The Problem Knox is Meant to Solve
Pinterest has a plethora of keys or secrets doing things like signing cookies, encrypting data, protecting our network via TLS, accessing our AWS machines, communicating with our third parties, and many more. If these keys become compromised, rotating (or changing our keys) used to be a difficult process generally involving a deploy and likely a code change. Keys/secrets within Pinterest were stored in git repositories. This means they were copied all over our company's infrastructure and present on many of our employees laptops. There was no way to audit who accessed or who has access to the keys. Knox was built to solve these problems.
The goals of Knox are:
- Ease of use for developers to access/use confidential secrets, keys, and credentials
- Confidentiality for secrets, keys, and credentials
- Provide mechanisms for key rotation in case of compromise
- Create audit log to keep track of what systems and users access confidential data
Ease of Use for Developers
One of the goals of the project is ease of use. This means a focus on building a very usable client side for developers to create, rotate, and use keys. Since there are a variety of ways keys are used across our company, we hope to provide basic interfaces for the most common of these and provide a general platform to allow for other use cases.
All secrets are stored using authenticated encryption to guarantee the information stored in the database has not been read or altered. The master key for this authenticated encryption should be protected by hardware or an HSM such as through Amazon KMS. Keys are only accessible by users and machines listed on the key specific access control list.

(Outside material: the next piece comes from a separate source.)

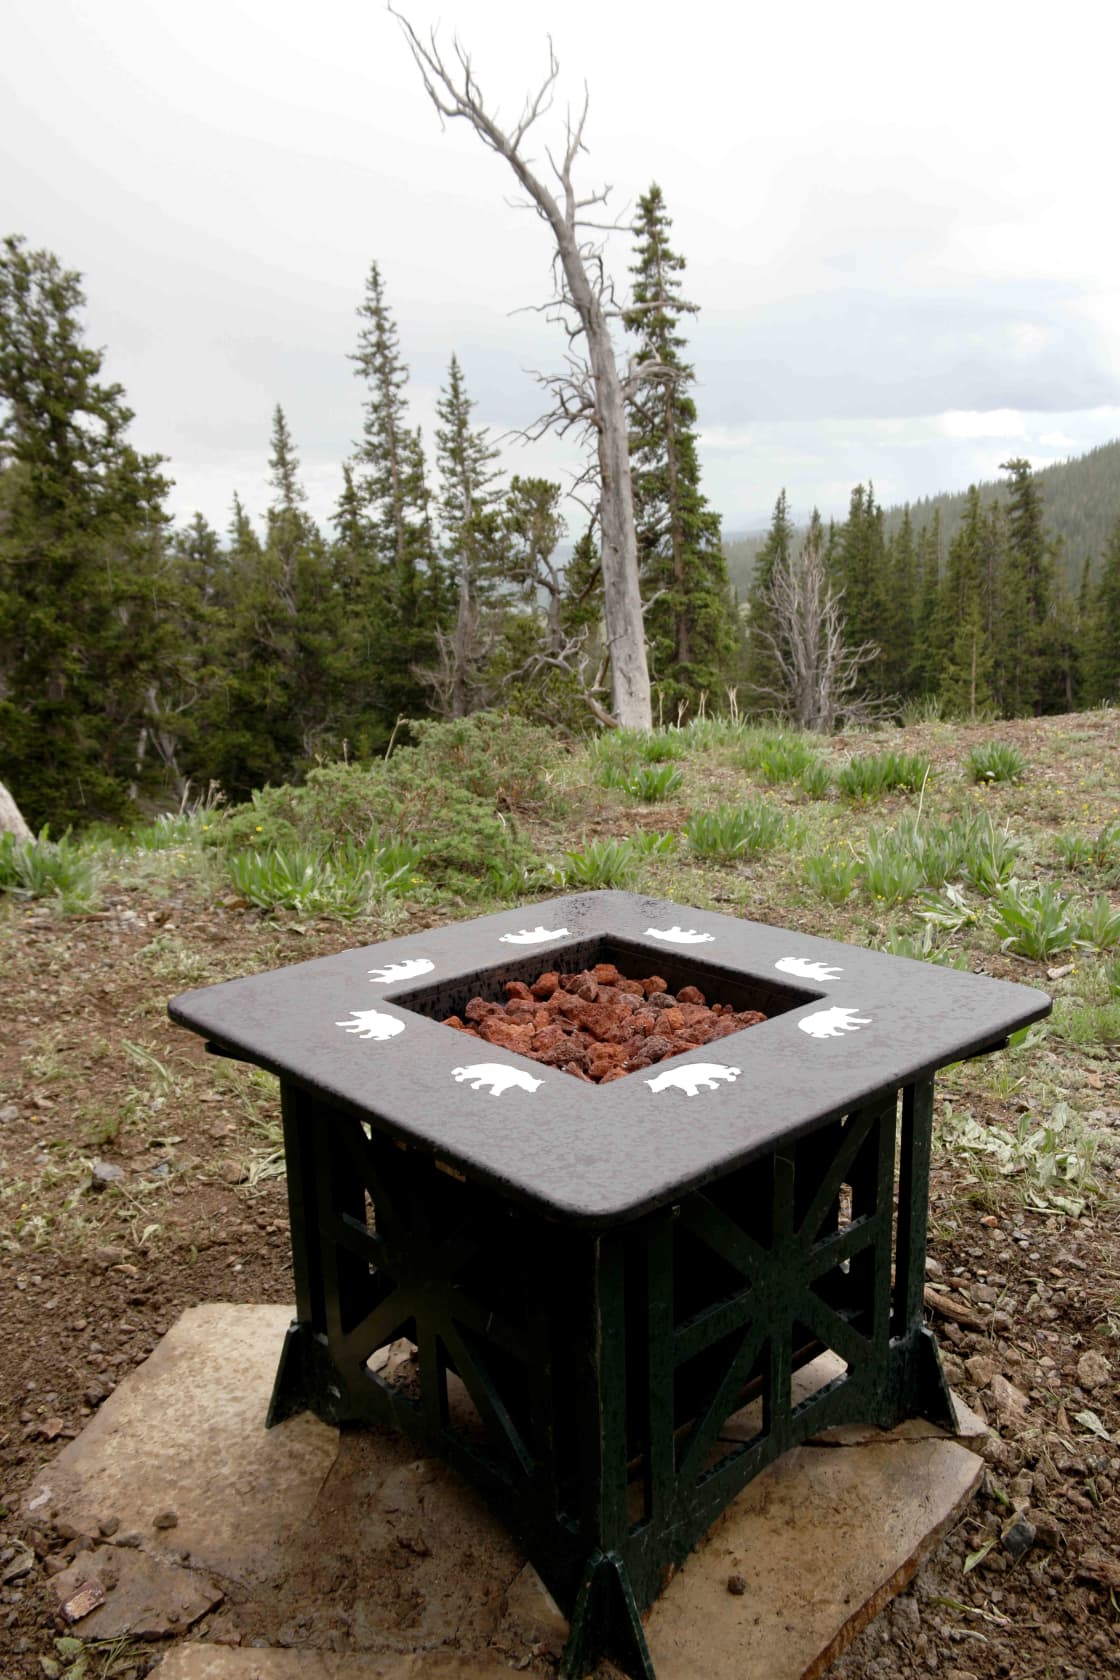 Propane Fire pit.  Its just not camping without a fire!  This is the only type of fire pit allowed during a fire ban.

Each key is comprised of a set of versions. Every key will have exactly one primary version at any point in time. Keys can also have a number of active and inactive versions. Active versions mean that key version can still be used, but the primary should be preferred. Inactive means that key version should not be used; it is only around in case of a needed rollback and for auditing purposes. The reason there are three different types of keys is to allow for rotation to happen over a period of time.

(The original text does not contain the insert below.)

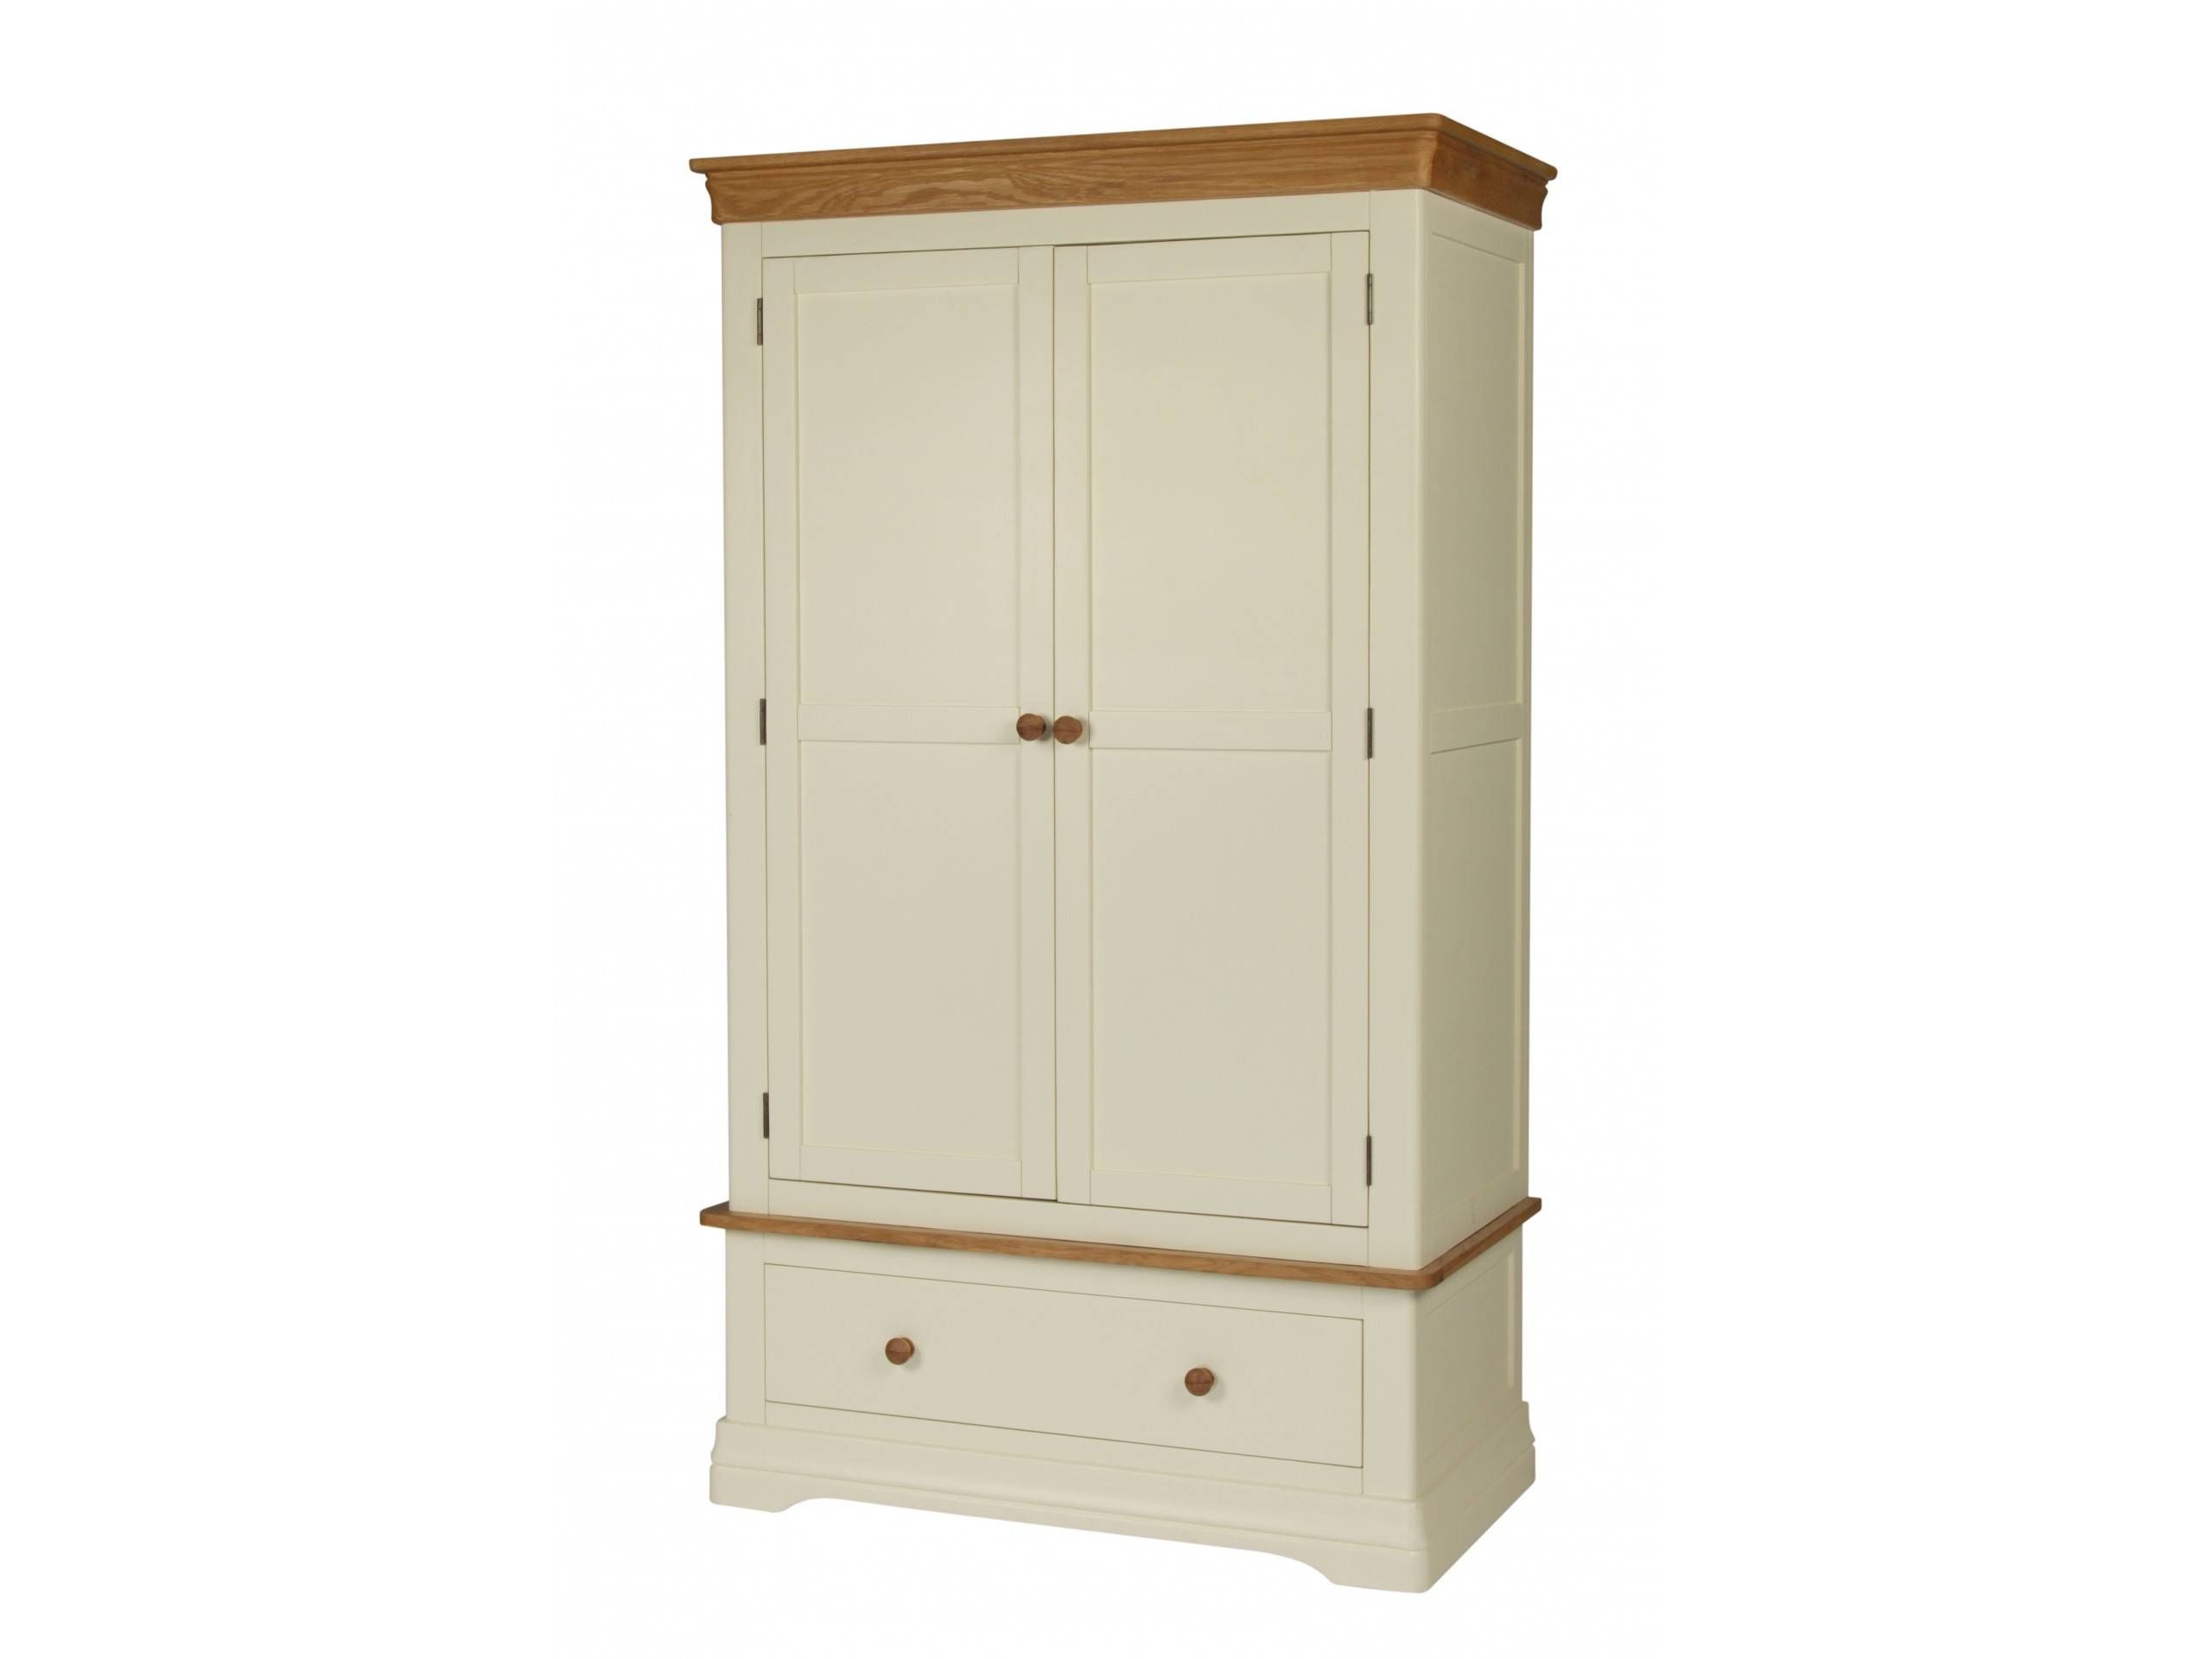 Farmhouse Country Oak Cream Painted Double Wardrobe Throughout Cream Wardrobes (View 2 of 15)

For example, assume a service has two servers, A and B. This service has a signing key XYZ that it signs its sessions with to verify between the servers. If a server signs the session on A, it should verify on B. When keys are swapped however, old sessions would immediately become invalid. If the old key version was still marked as active however, this allows clients of these two servers to be slowly migrated to the new key without terminating their existing sessions.

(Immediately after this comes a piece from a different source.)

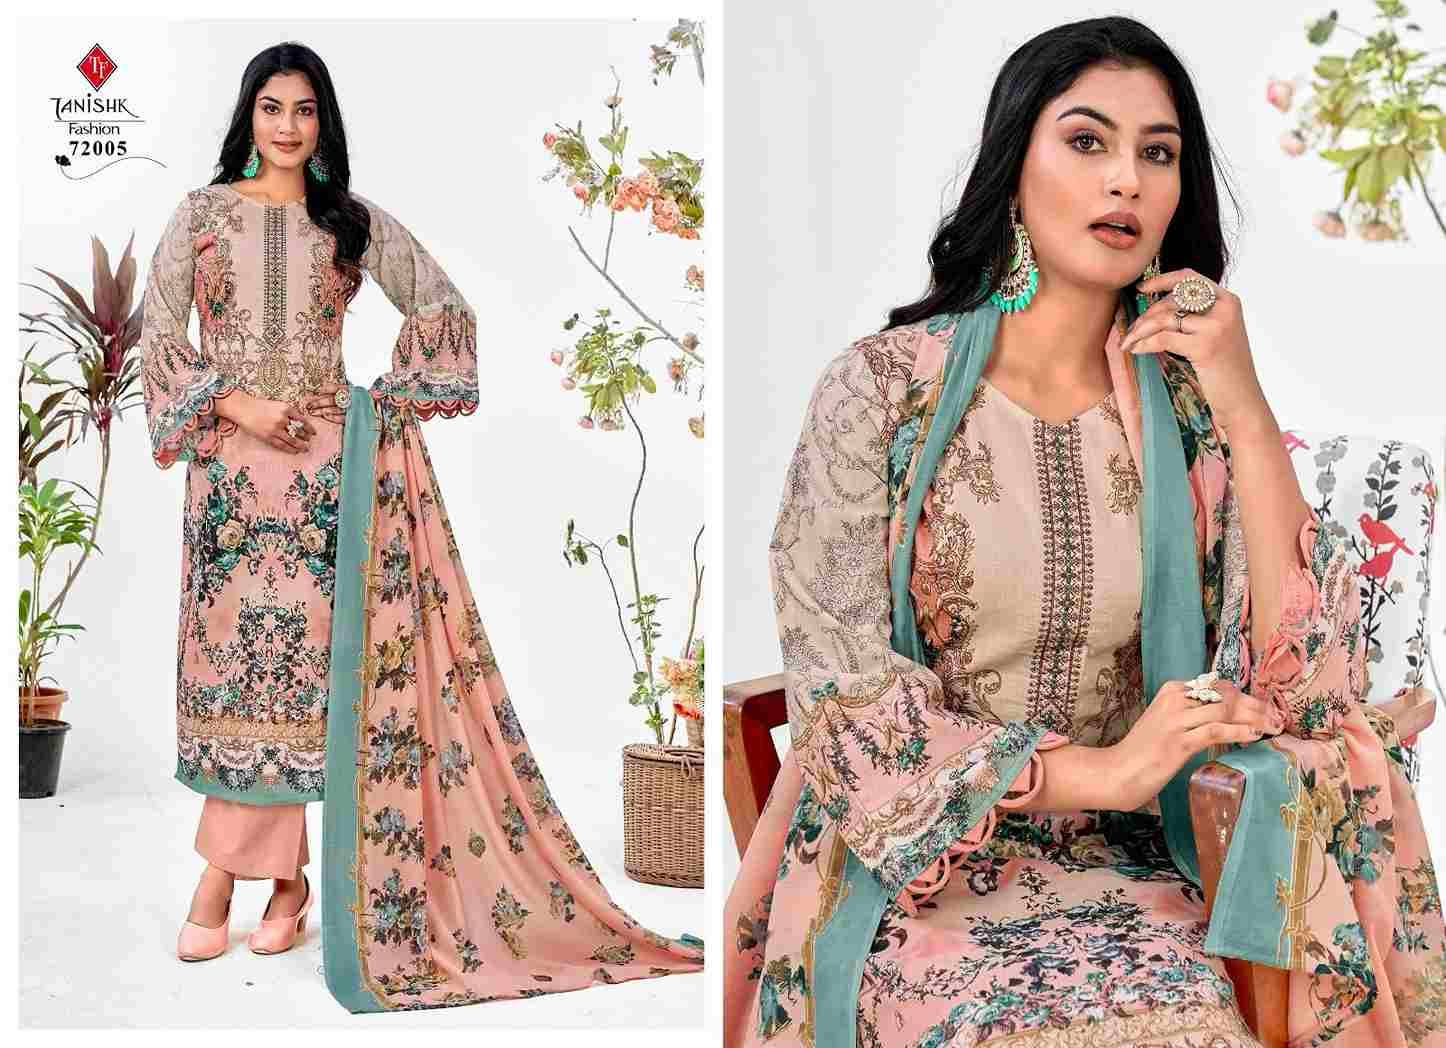 Mehraaz Vol-6 By Tanishk Fashion 72001 To 72008 Series Beautiful Festive Suits Colorful Stylish Fancy Casual Wear & Ethnic Wear Pure Cambric Cotton Print Dresses At Wholesale Price

Every request to Knox is logged. Since all requests require authentication data, this can be used to track which keys either users and machines have accessed. Combining this with visibility tools like elasticsearch, logsearch, and kibana will let security respond in case of an incident or breach. These logs could also be included in anomaly detection systems to detect incidents before we would otherwise know about them. Confidentiality will not be breached by audit-ability since key data will not be stored in the logs. Each key version has an immutable and unique key id and creation date to identify it in the logs without leaking sensitive information.
Knox consists of several parts. From the lowest level, Knox depends on another service (like mysql) to store the data and provide methods for secure cryptography. Knox has a server component that can access this data store and cryptor. Knox also has a client layer that lives on machines across the fleet. This client layer caches keys on the local file system for use by services on those machines.